Identification of paramount m6A genes in AD based on XGboost

In an attempt to determine the key m6A genes in AD, we chose to use XGboost characterized by screening out m6A genes that have a non-negligible impact on AD (22, 23). In addition, the SHAP values of IGF2BP1 and FTO were found to be higher than 0.5, suggesting that they exerted important roles in AD progression (Figure 3). Subsequently, 21 m6A genes were employed to classify AD into two main subgroups (namely, cluster A and cluster B) via consensus cluster (Figures 4A–C). The following PCA analysis demonstrated that 21 m6A regulatory genes could distinguish cluster A from cluster B (Figure 4D). Interestingly, most m6A regulatory genes, including IGF2BP1 and FTO, were ectopically expressed in two AD subtypes (Figures 4E,F).

FIGURE 3

Figure 3. XGboost screens for m6A genes with a significant impact on AD.

FIGURE 4

Figure 4. Unsupervised clustering of 21 m6A genes in AD samples. (A) Relative alterations in the area under the cumulative distribution function (CDF) curve for k = 2-9. (B) Consensus clustering CDF for k=2-9. (C) Heatmap of the co-occurrence ratio matrix of AD samples. (D) Principal component analysis of the transcriptome profiles of the 2 m6A clusters revealed significant differences in the transcriptomes of different m6A modification patterns. (E) The expression level of 21 m6A genes in two m6A AD clusters. (F) Unsupervised classifying of 21 m6A genes in two m6A AD clusters. *p < 0.05, **p < 0.01, ***p < 0.001 indicated the statistical significance of data.
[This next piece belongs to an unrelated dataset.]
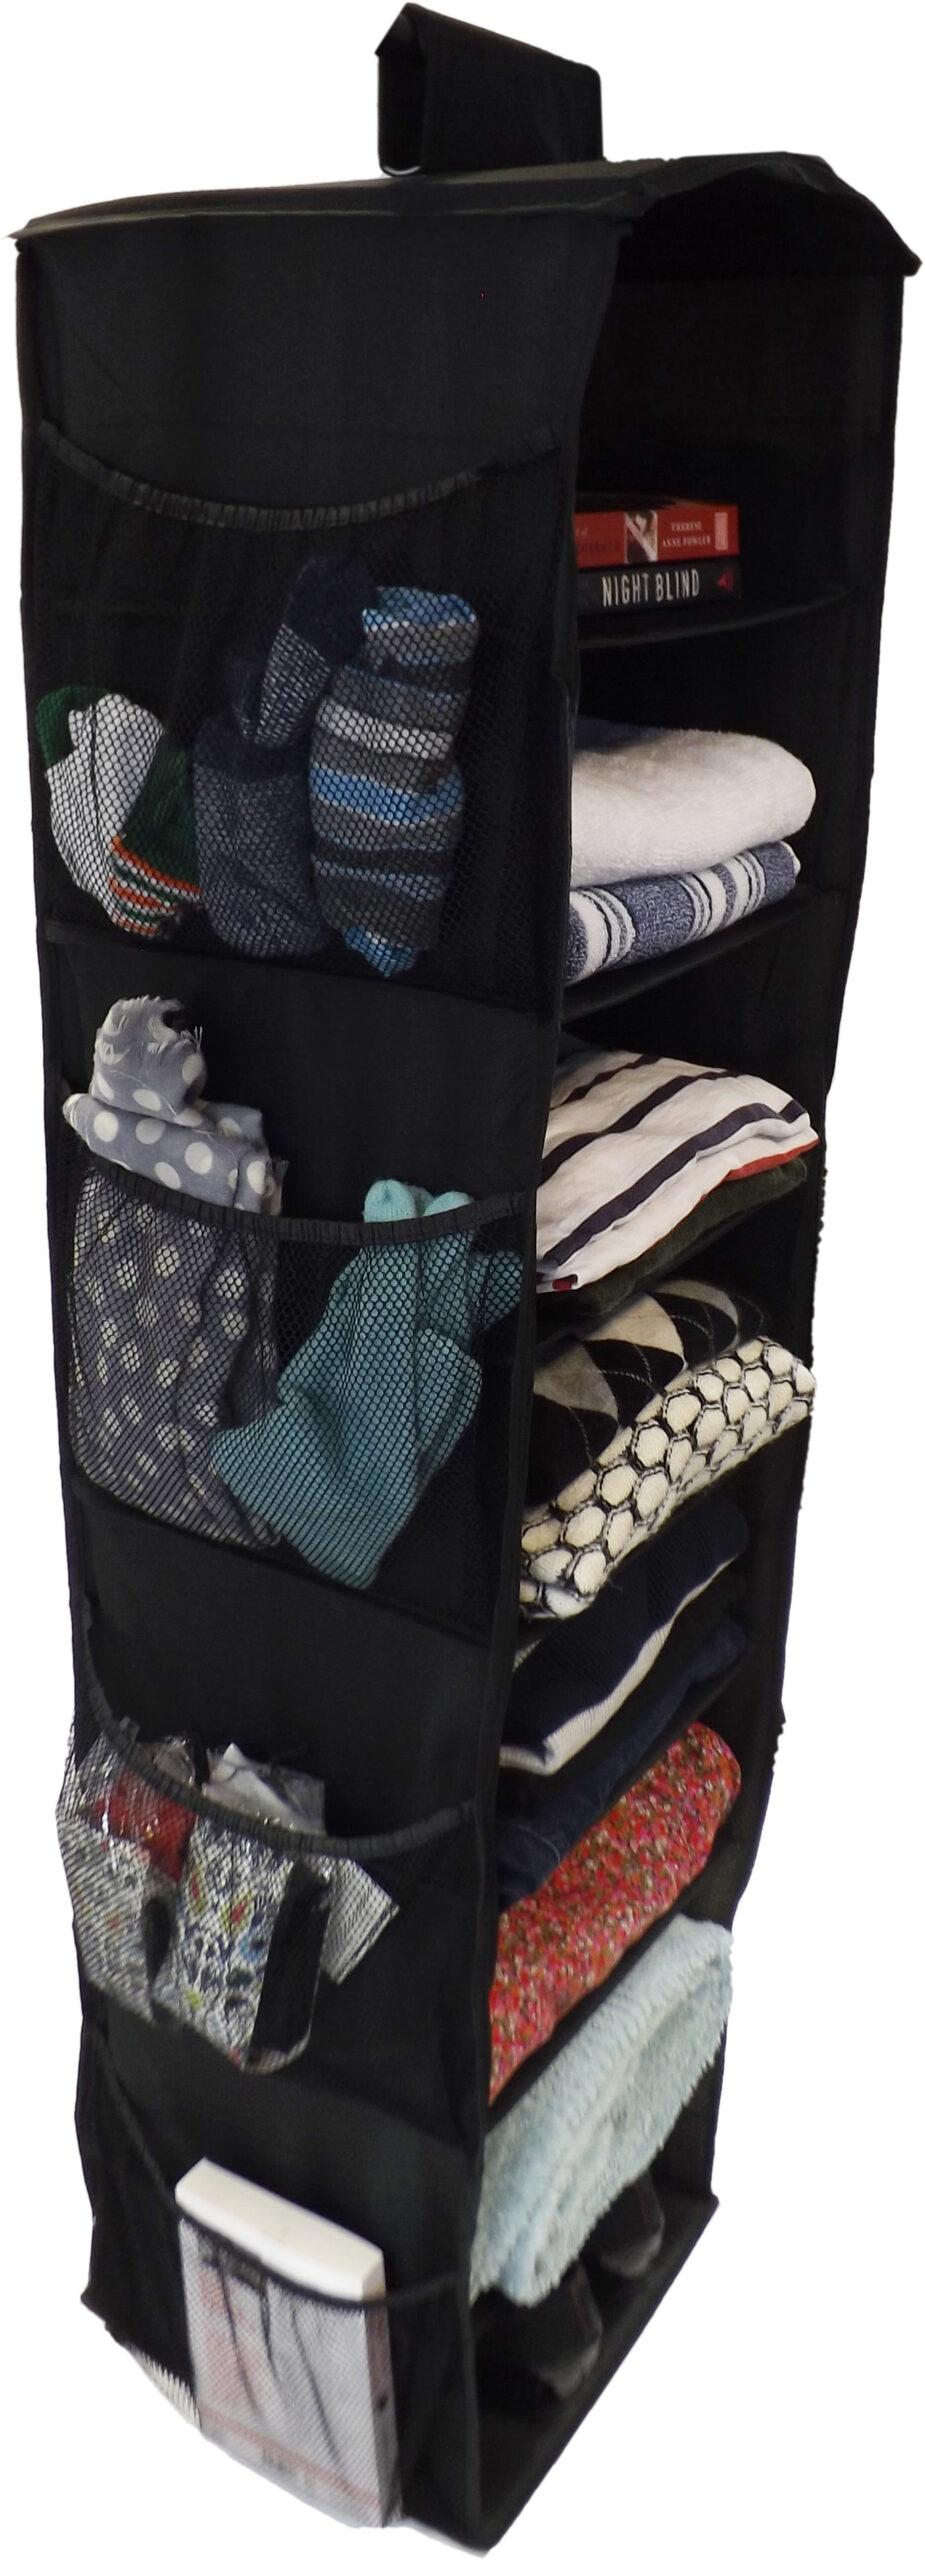 Hanging Wardrobe Organiser, Heavy Duty, 8 Shelves, 125x30x30cm, Black

IME character in two AD clusters

Emerging data have found that a unique IME quality represents specific lesion types in different diseases (24). Considering the appealing indication capability of IME features, it is of great interest to detect IME traits in two AD clusters. To identify trends in IME characteristics between the two AD m6A clusters, we evaluated immune cell infiltration (Figure 5A), HLA family gene expression (Figure 5B), and immune response gene sets (Figure 5C). There was a high level of infiltrating immune cells, among which activated B cells, activated CD8+ T cells, and mast cells were significantly enriched in cluster B (Figure 5A). Simultaneously, the majority of HLA genes were upregulated in cluster B, and most immune genomics datasets were mainly enriched in cluster B (Figures 5B,C). These findings indicated that cluster B mediated a greater number of immune responses.

FIGURE 5

Figure 5. Immune microenvironment (IME) characteristics in two m6A AD clusters. (A) The immune cell infiltration status in two clusters. (B) The expression landscape of HLA family genes in two clusters. (C) The evaluation of immune response gene set in two clusters. *p < 0.05, **p < 0.01, ***p < 0.001 indicated the statistical significance of data.
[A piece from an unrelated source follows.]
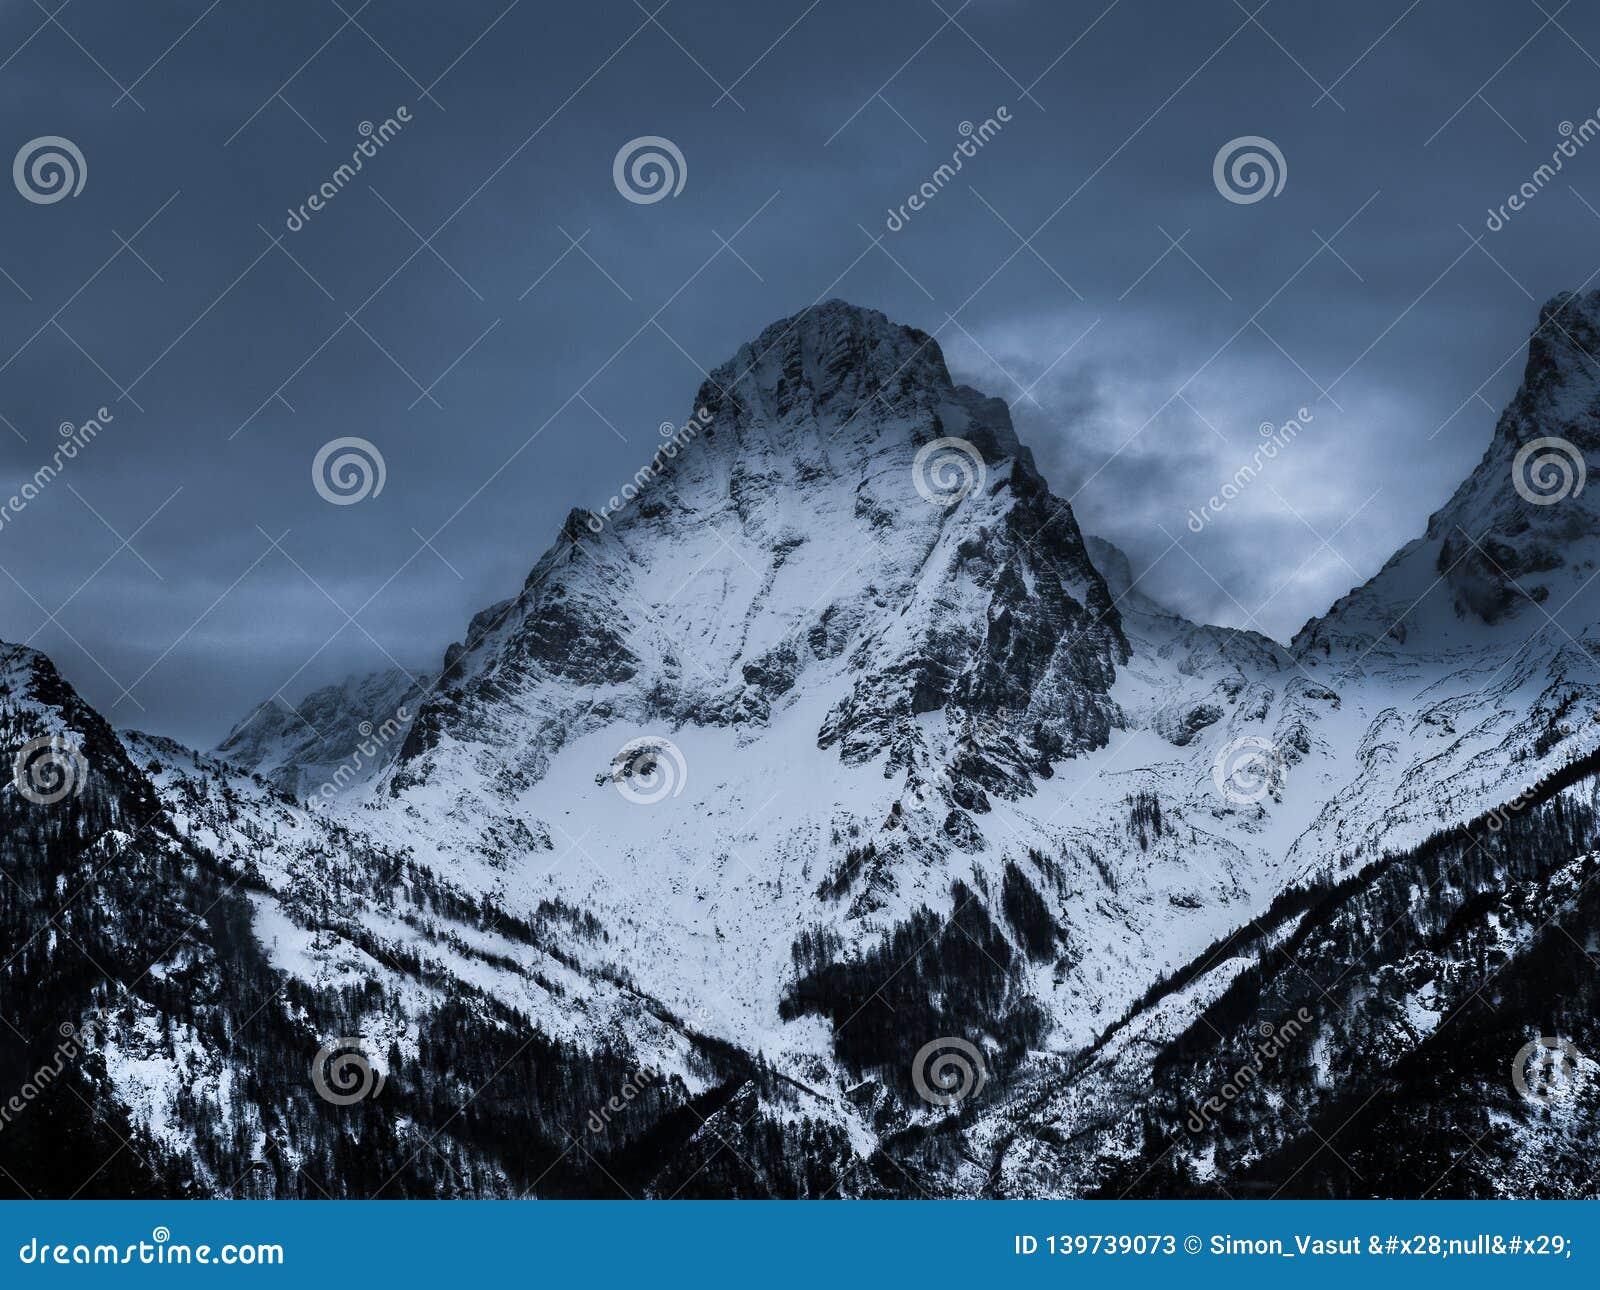 Spitzmauer 2446 m, amazing mountain in the Totes Gebirge, Alps, Austria

The IME features in two AD m6A score clusters

The m6A score was calculated by PCA, which divided AD into high and low m6A score groups based on the score median. Similarly, to identify trends in IME ingredients between the two AD m6A score groups, we evaluated immune cell infiltration (Figure 6A), HLA family gene expression (Figure 6B), and immune response gene sets (Figure 6C) once again. A higher level of immune cell infiltration was detected in the high m6A score group, in which most immune cells were assembled and both HLA-A and HLA-B were overexpressed (Figures 6A,B). Furthermore, immunogenomic scores of APC co-inhibition, CCR, checkpoint, MHC-I, para-inflammation, and T cells exhibited superior immunogenomic scores in the high m6A score group (Figure 6C). These findings depicted that the high m6A score group was able to elicit a richer and more potent immune response.

FIGURE 6

Figure 6. Diversity of IME characteristics of high and low m6A score groups. (A) The immune cell infiltration status in high and low m6A score groups. (B) The expression landscape of HLA family genes in high and low m6A score groups. (C) The evaluation of immune response gene set in high and low m6A score groups. *p < 0.05, **p < 0.01, ***p < 0.001 indicated the statistical significance of data.
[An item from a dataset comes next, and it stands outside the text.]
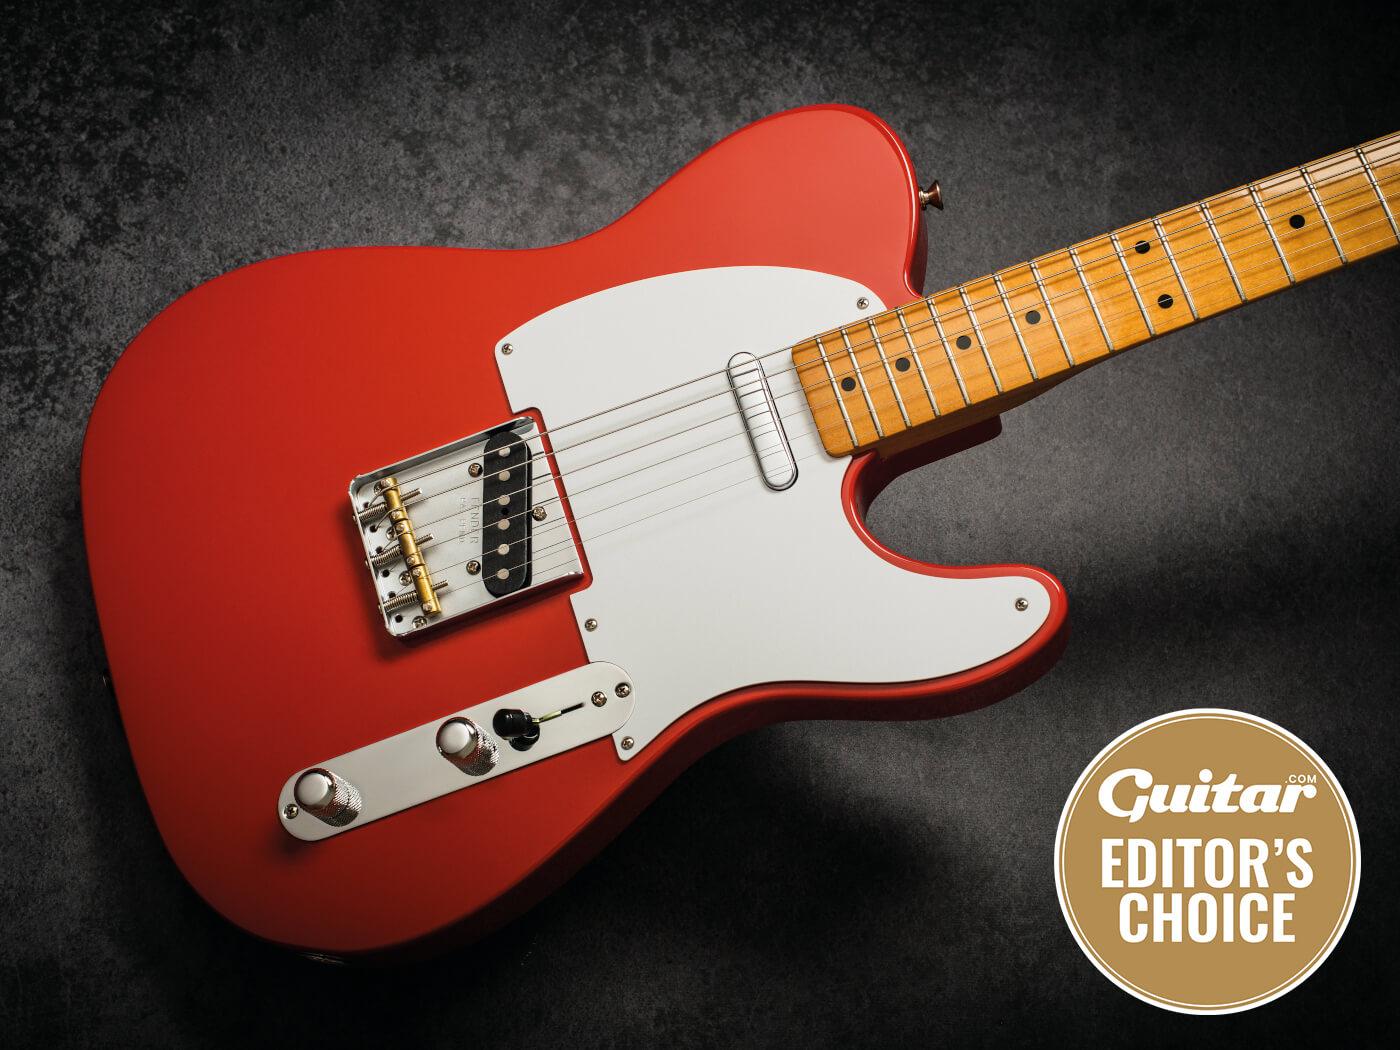 Fender Vintera 50s Telecaster Fiesta Red style shot

GO and KEGG analysis of DEGs in two AD m6A score groups

Notably, 1,141 DEGs between high and low m6A score groups were obtained (|LogFC|>1, p < 0.05 Figure 7A), together with 7,039 DEGs between the AD and healthy groups (|LogFC|>1, p < 0.05 Figure 7B). A total of 657 common genes existing simultaneously in these two DEG lists simultaneously were selected for gene ontology (GO) and KEGG analysis (Figure 7C). GO results indicated that in biological functions (BFs), the ion transmembrane transporter activity and related regulation of muscle system process were remarkedly enriched; in terms of molecular functions (MFs), the structural constituent of muscle and actinin binding exhibited a significant enrichment. As for cellular constitutions (CCs), it was observed that contractile fiber and myofibril were abundant (Figure 8A, Table 1). Alternatively, the outcomes of KEGG analysis represented a dramatic enrichment in the regulation of actin cytoskeleton, hypertrophic cardiomyopathy, focal adhesion, dilated cardiomyopathy, and vascular smooth muscle contraction (Figure 8B). It followed that these DEGs were primarily associated with cardiac muscle system energy metabolism of cardiac muscle system as well as aberrant heart disease.

FIGURE 7

Figure 7. The acquisition of common 657 differentially expressed genes (DEGs). (A) The volcano plot of 1,141 DEGs in healthy and AD samples. (B) The volcano plot of 7,039 DEGs in the high score and low score m6A groups. (C) A total of 657 common DEGs from A and B in the Venn diagram.

FIGURE 8

Figure 8. Enrichment analysis of common DEGs. (A) Gene ontology (GO) enrichment analysis of 657 common DEGs in biological functions (BFs), molecular functions (MFs), and cellular constitutions (CCs). (B) Kyoto Encyclopedia of Genes and Genomes (KEGG) enrichment analysis for 657,657 common DEGs.

TABLE 1

Table 1. Gene ontology (GO) pathway enrichment analysis.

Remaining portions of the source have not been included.